**TASK STATEMENT:**
Exactly as written, set down each line of the data below except its pictures.

**INFORMATION PROVIDED:**
◇ ◇ ◇ ◇

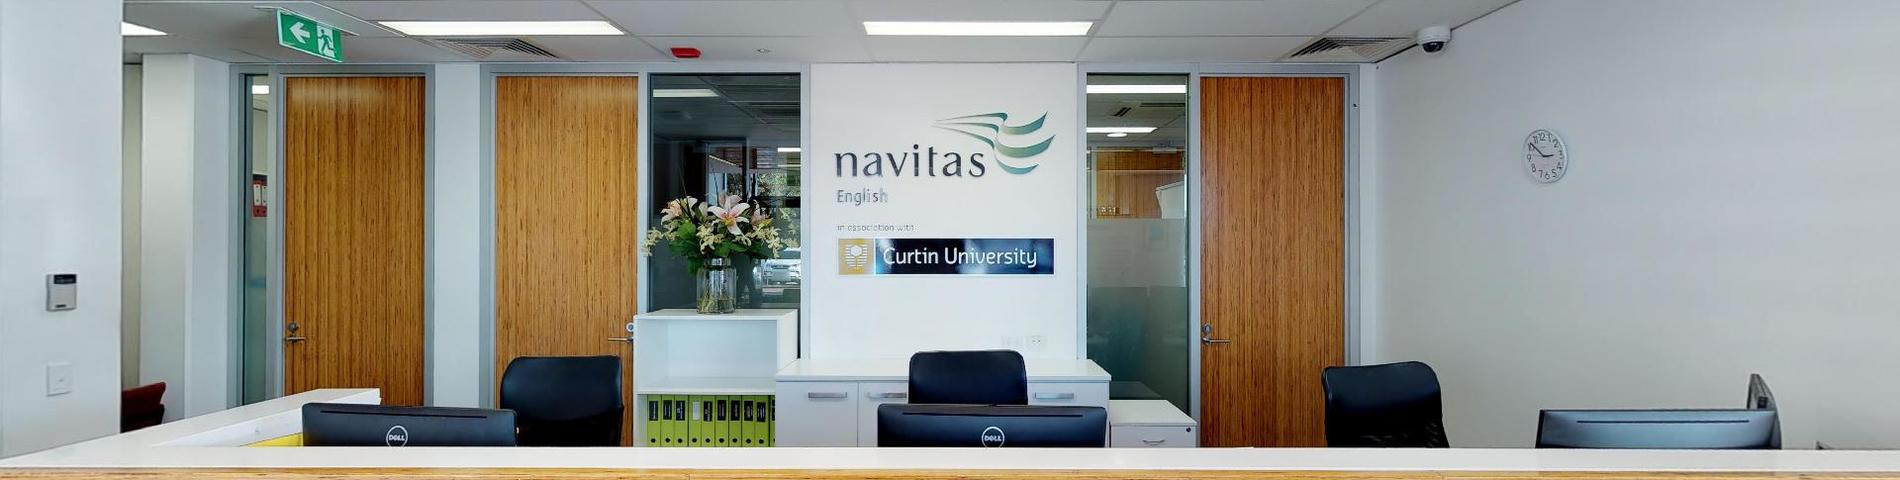 Navitas English зображення 1
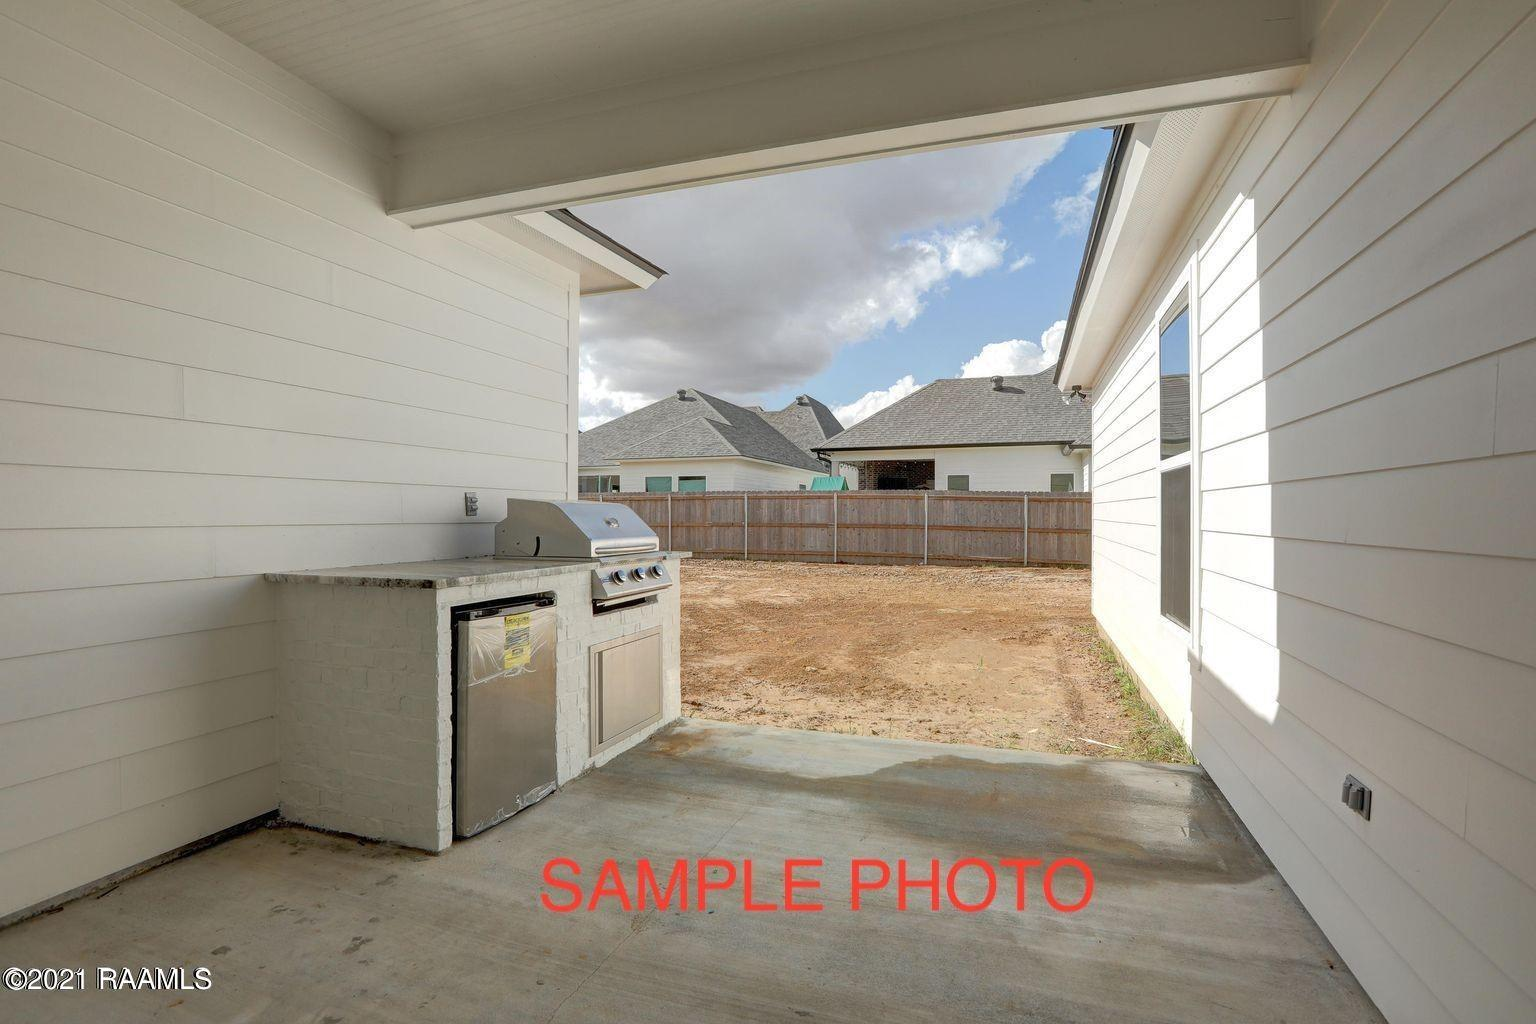 307 San Marcos Drive, Youngsville, LA 70592 Photo #7
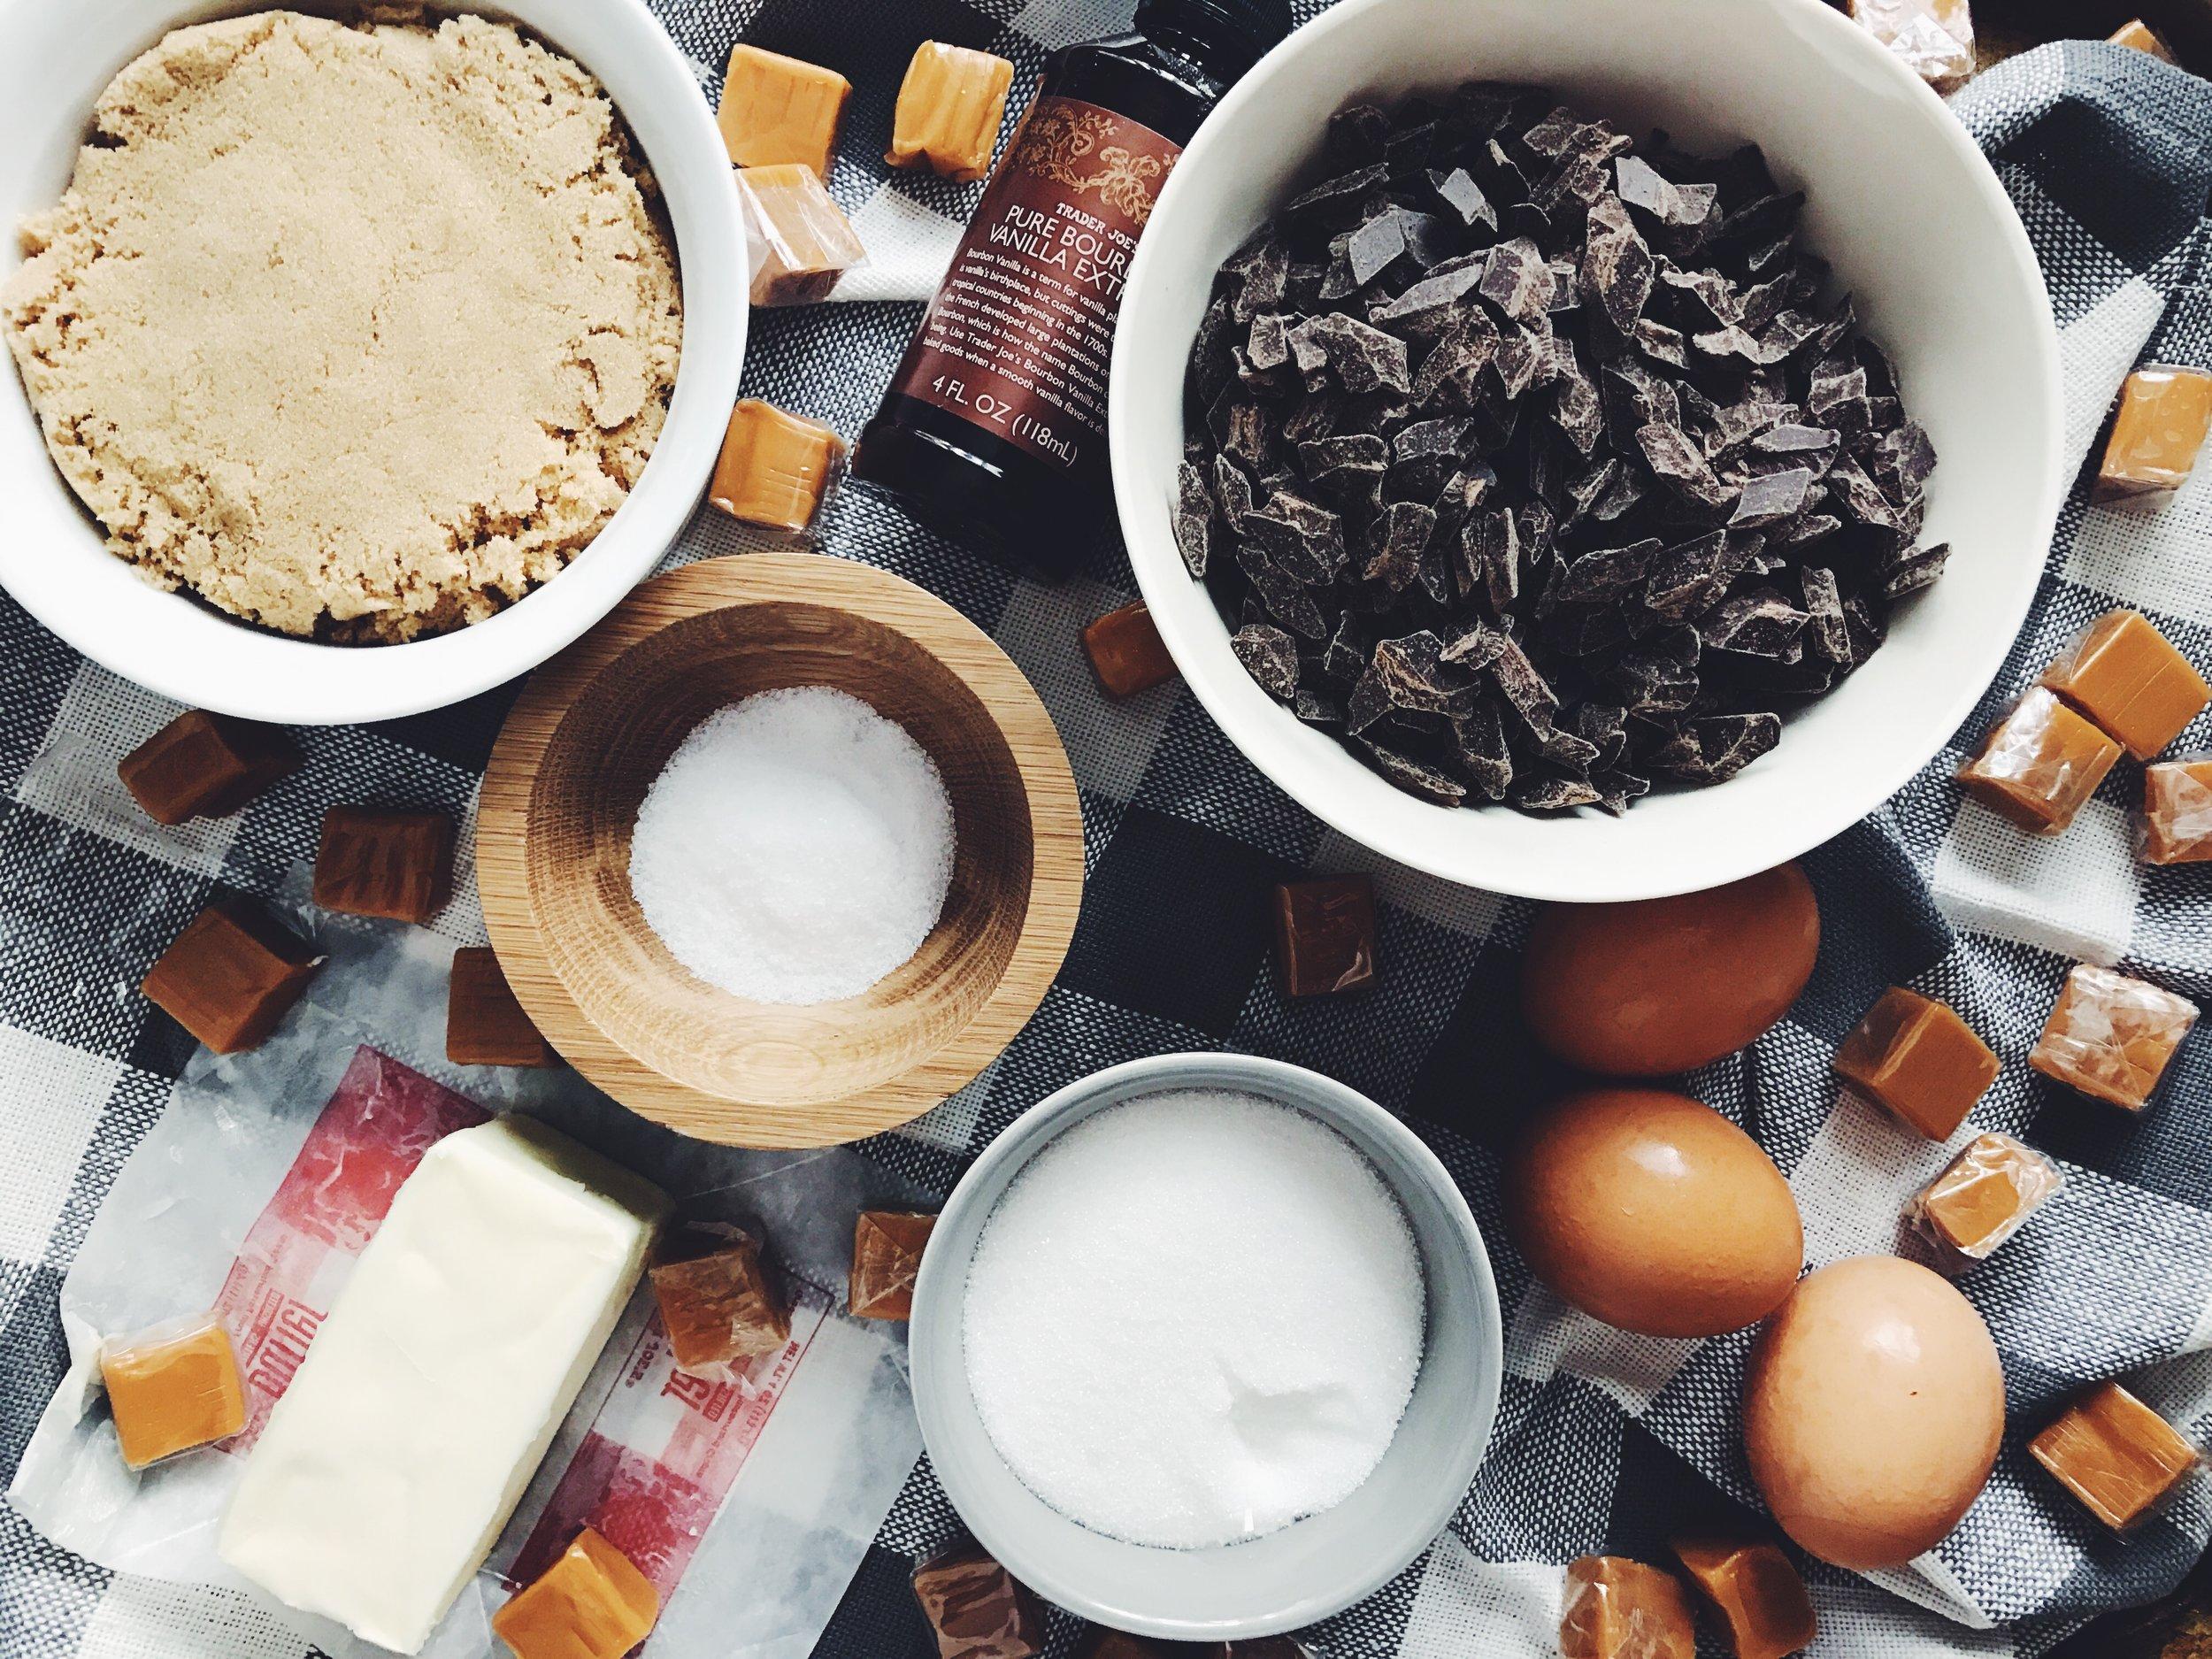 salted caramel chocolate chunk cookie ingredients

◇ ◇ ◇ ◇

**ANSWER BOX:**
 Navitas English зображення 1
 307 San Marcos Drive, Youngsville, LA 70592 Photo #7
 salted caramel chocolate chunk cookie ingredients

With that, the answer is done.